By the end of 2013, the HPC Center will have completed upgrading its storage system and network architecture. This will create a central hub, home directory storage location for all systems of over 1 PByte is size with tape backup and high-speed local script space on each system. Look for these changes here and in HPC Center mailings.
An incremental backup of user home directories on Andy, Salk, Karle, Bob, and Zeus is performed daily. These backups are retained for three weeks. Full backups are performed weekly and are retained for two months. These backups are stored in a remote location. A full backup is read off tape, bi-monthly, and verified (to ensure backups are readable and restorable).

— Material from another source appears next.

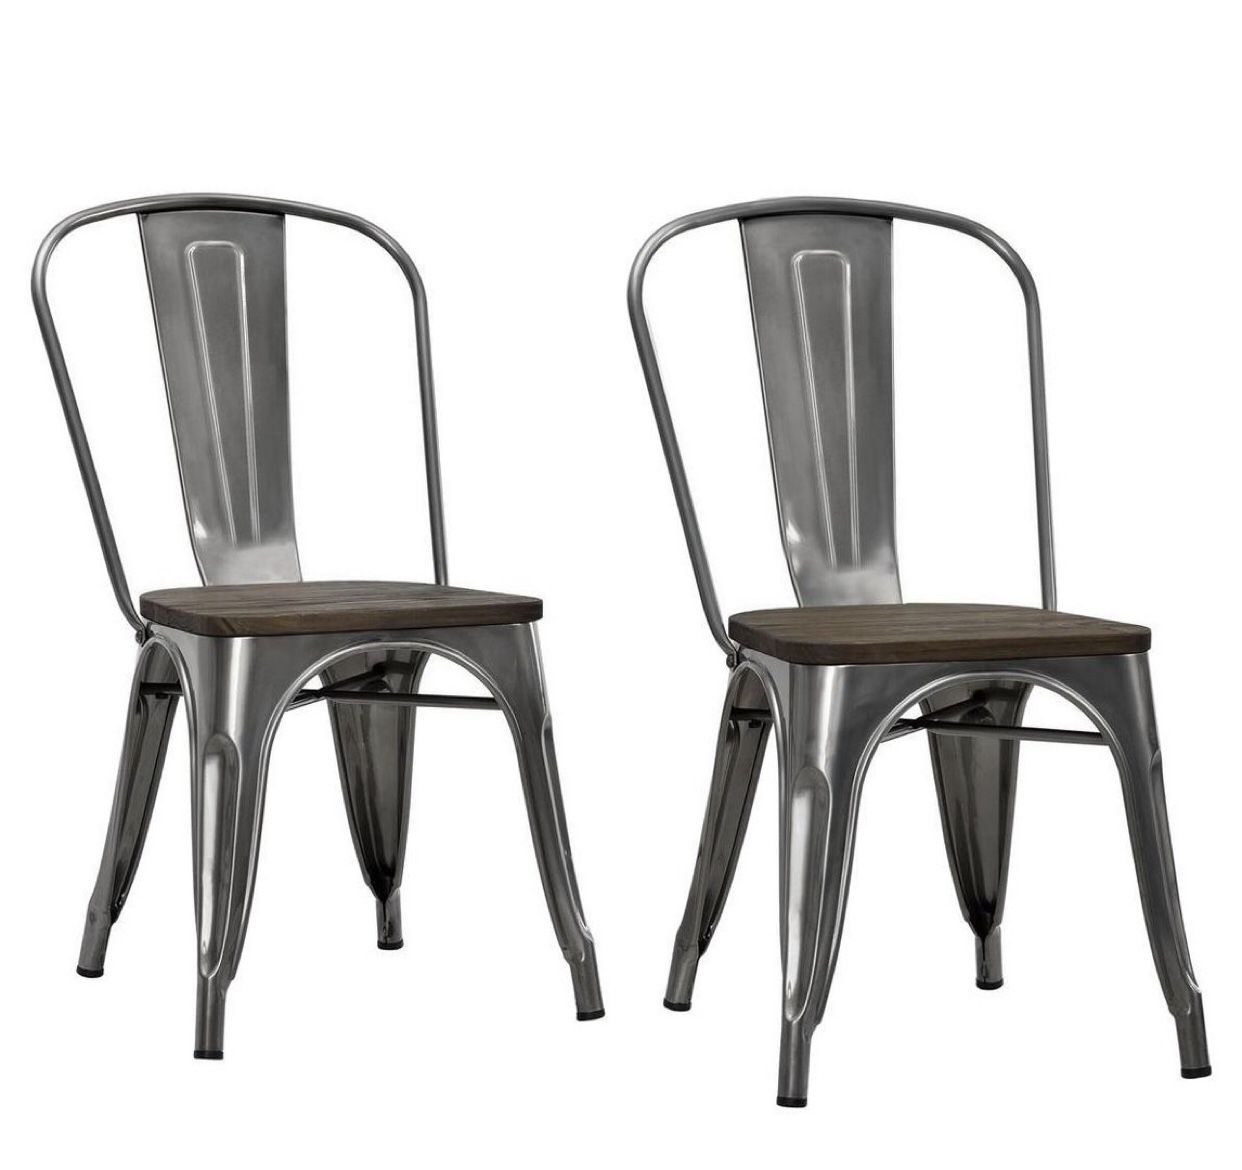 Metal gray dining chair wood seat new

The following user and system files are backed up:
Retention/Deletion of Home Directories
For active accounts, current Home Directories are retained indefinitely. If a user account is inactive for one year, the HPCC will contact the user and request that the data be removed from the system. If there is no response from the user within three months of the initial notice, or if the user cannot be reached, the Home Directory will be purged.
System temporary/scratch directories
Files on system temporary and scratch directories, as well as home directories on Neptune are not backed up. There is no provision for retaining data stored in these directories.